_Exercise aim_: Repeat the data below exactly, dropping any pictures it holds.

_Data extract_:
------------
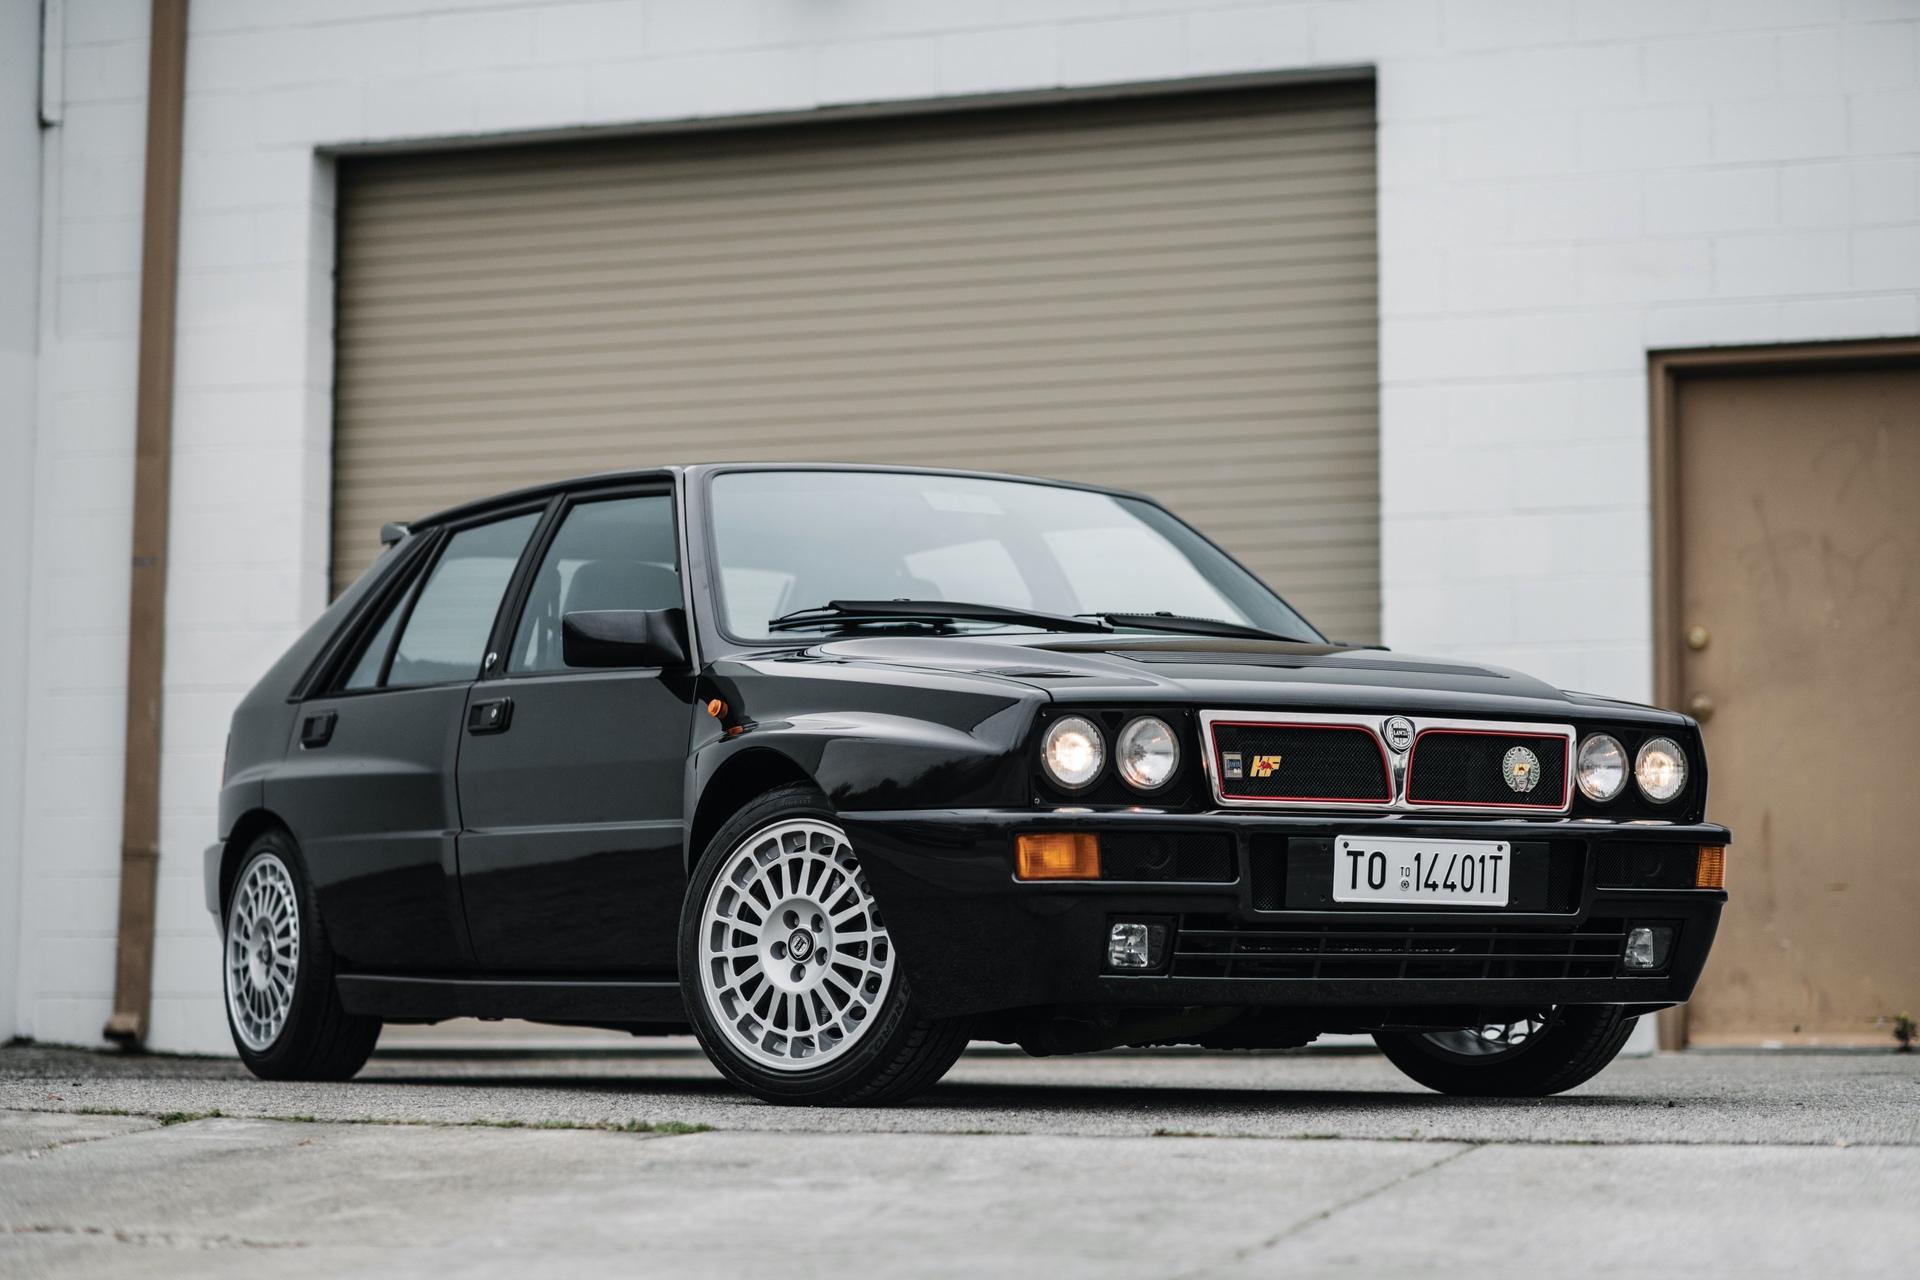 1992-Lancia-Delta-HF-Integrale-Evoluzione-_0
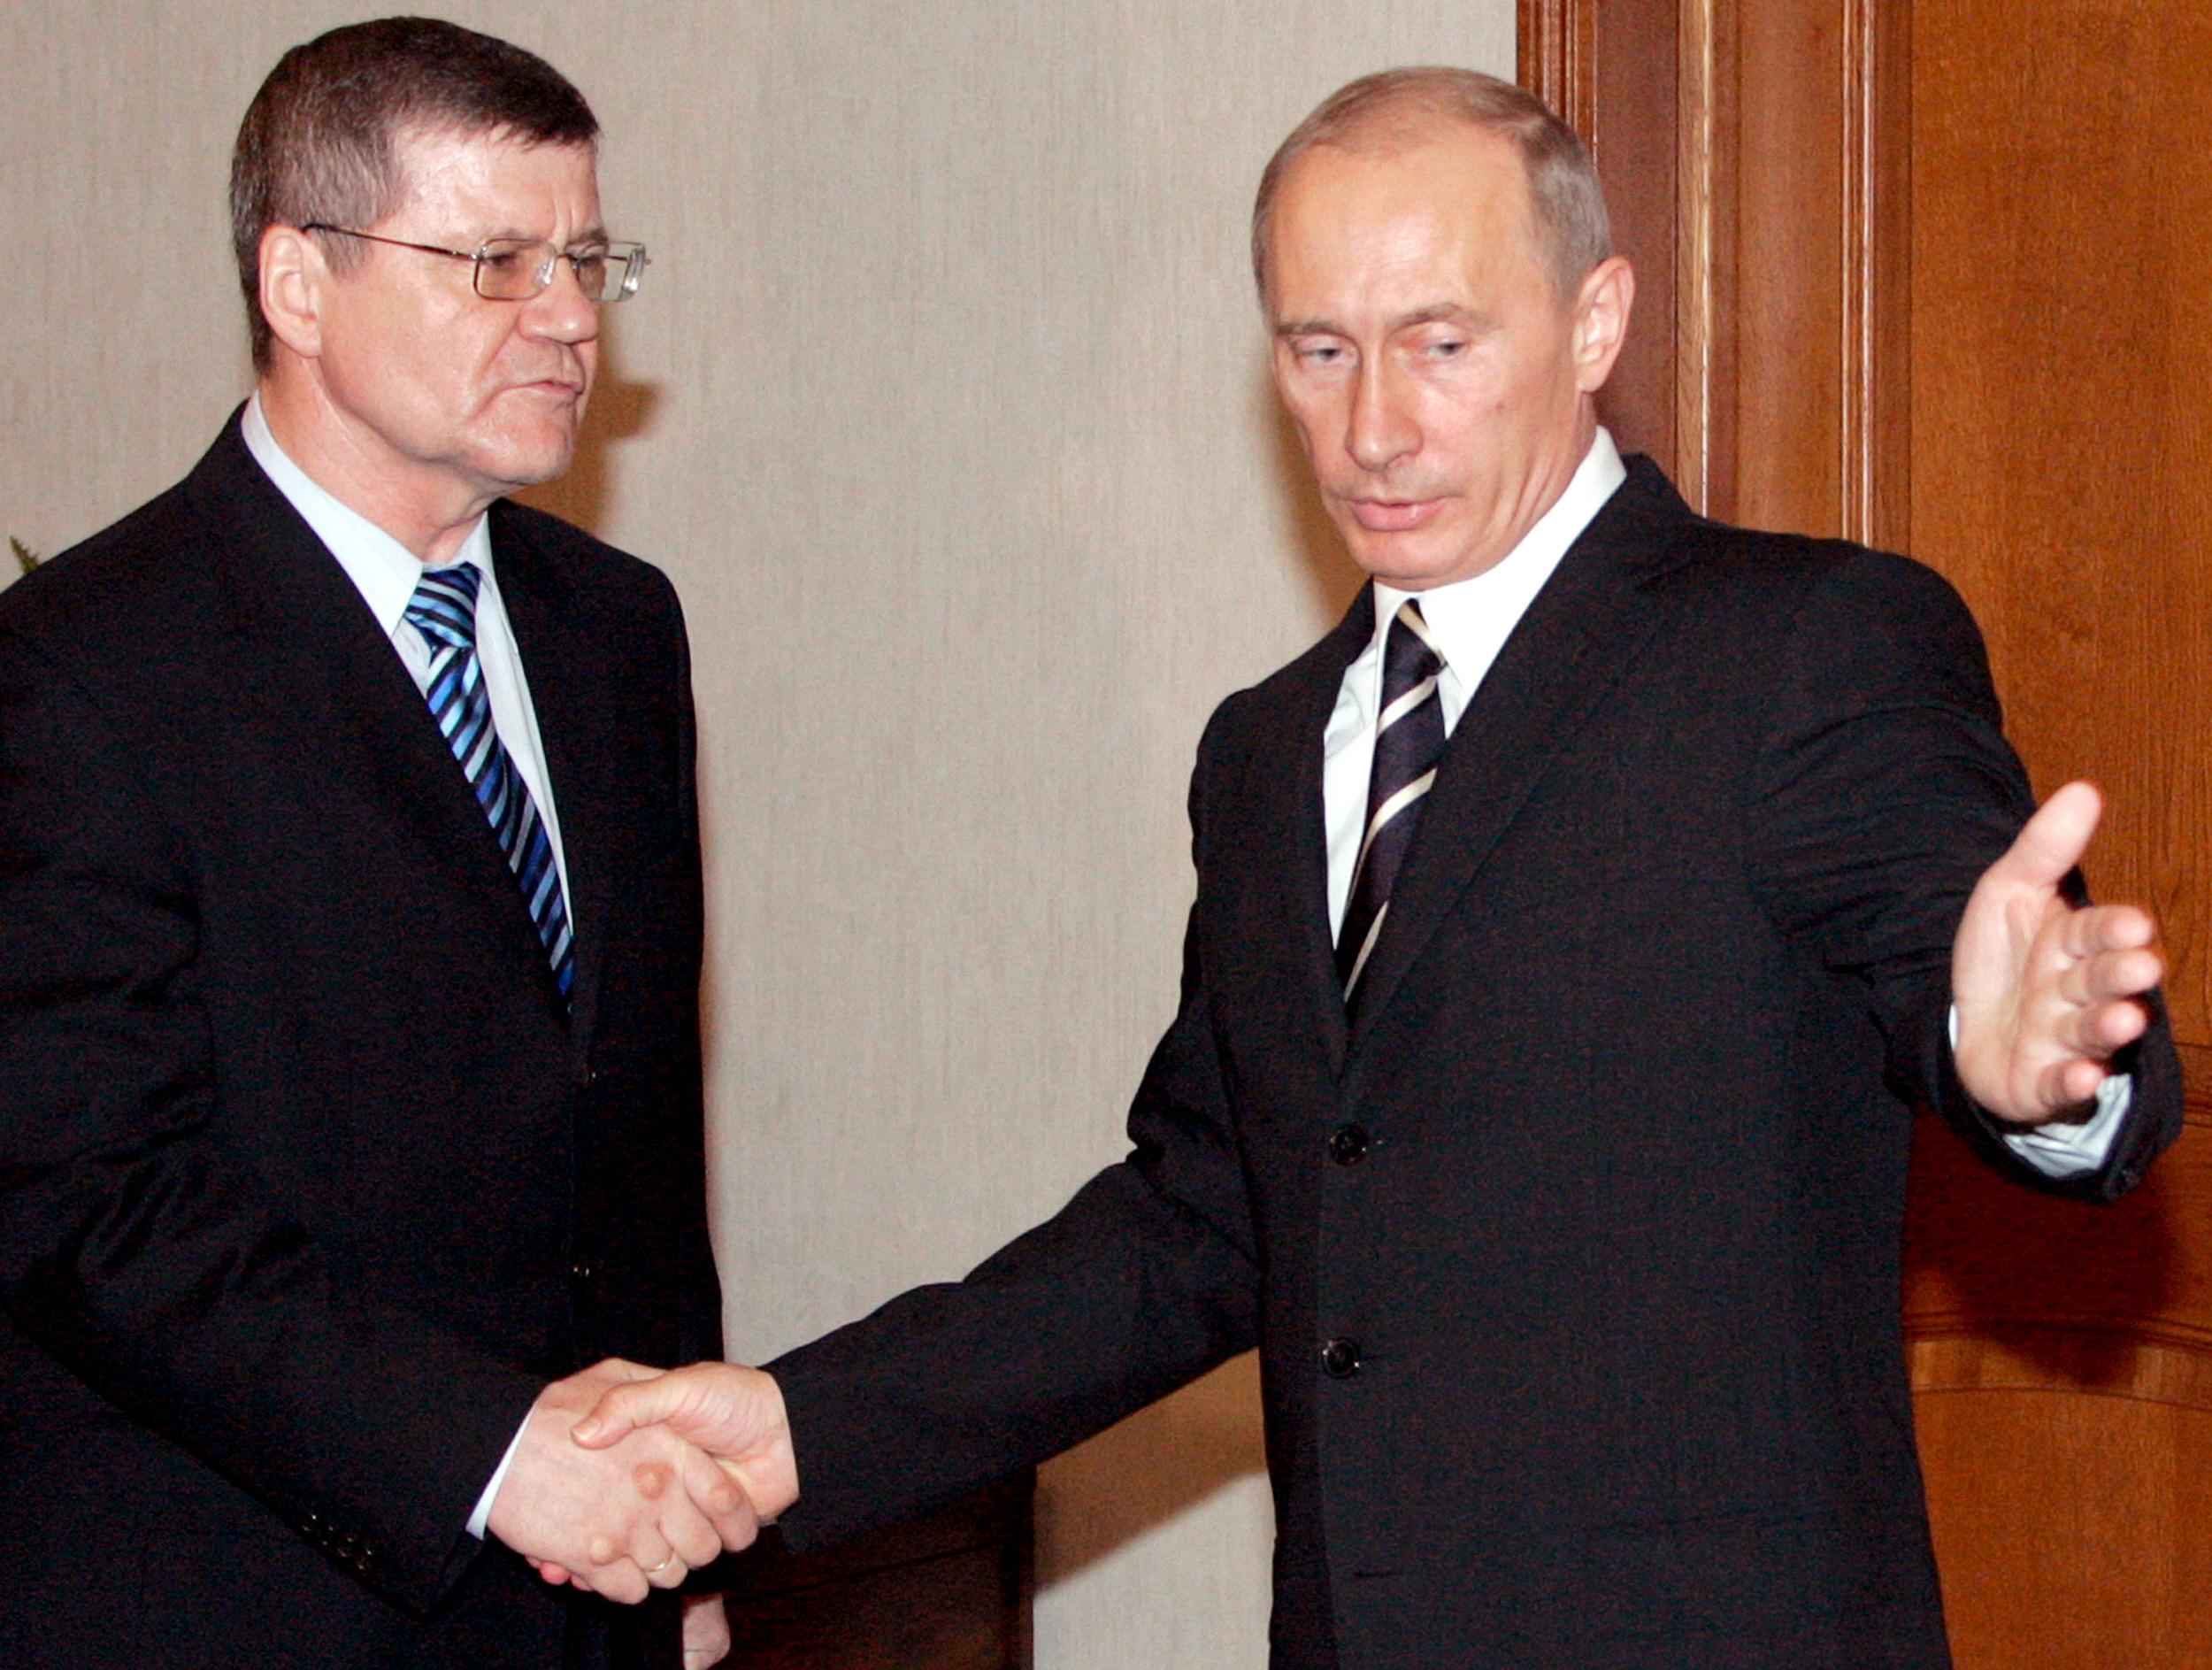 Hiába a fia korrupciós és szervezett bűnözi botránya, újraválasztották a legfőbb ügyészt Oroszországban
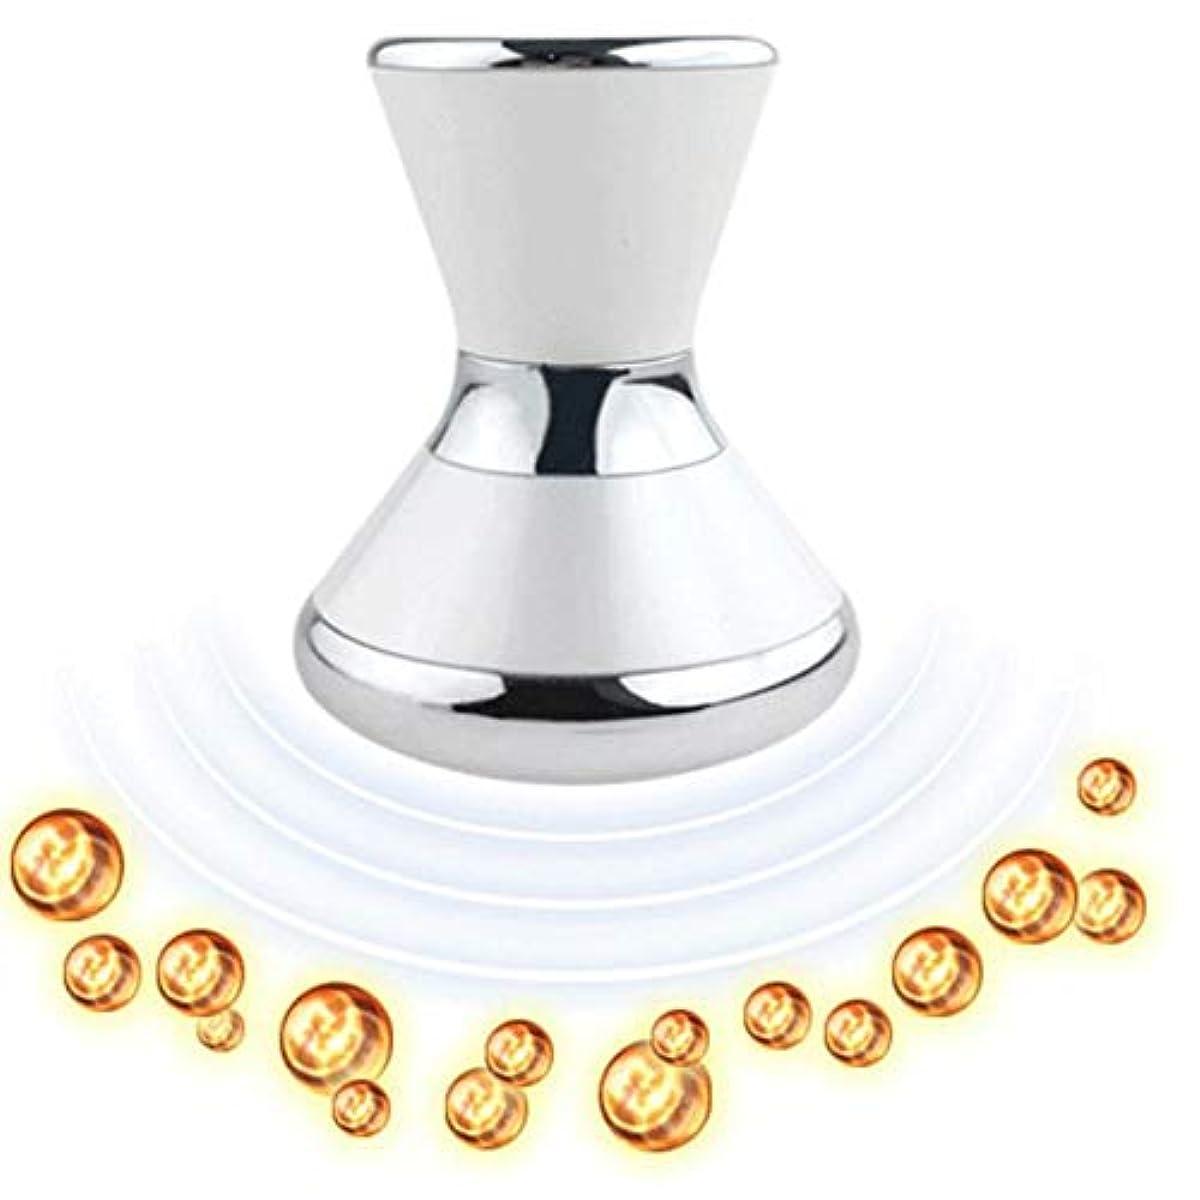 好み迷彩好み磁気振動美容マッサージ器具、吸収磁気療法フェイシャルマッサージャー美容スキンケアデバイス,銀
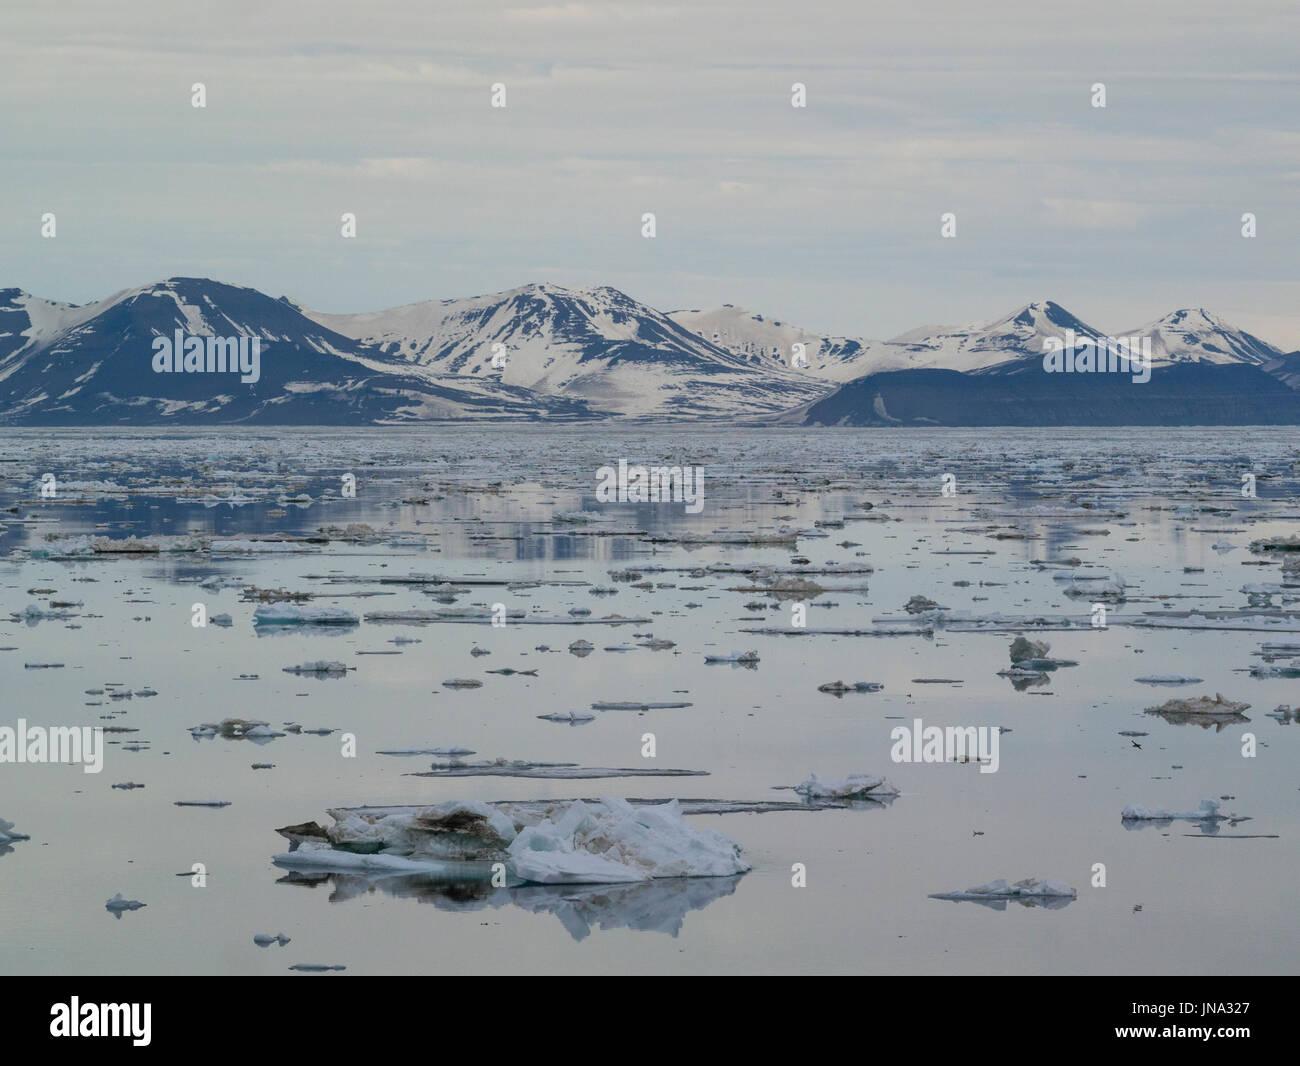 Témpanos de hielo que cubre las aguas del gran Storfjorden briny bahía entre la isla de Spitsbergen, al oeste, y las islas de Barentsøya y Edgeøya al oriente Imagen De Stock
------------
_Response below_:
 1992-Lancia-Delta-HF-Integrale-Evoluzione-_0
 Hiába a fia korrupciós és szervezett bűnözi botránya, újraválasztották a legfőbb ügyészt Oroszországban
 好み迷彩好み磁気振動美容マッサージ器具、吸収磁気療法フェイシャルマッサージャー美容スキンケアデバイス,銀
 Témpanos de hielo que cubre las aguas del gran Storfjorden briny bahía entre la isla de Spitsbergen, al oeste, y las islas de Barentsøya y Edgeøya al oriente Imagen De Stock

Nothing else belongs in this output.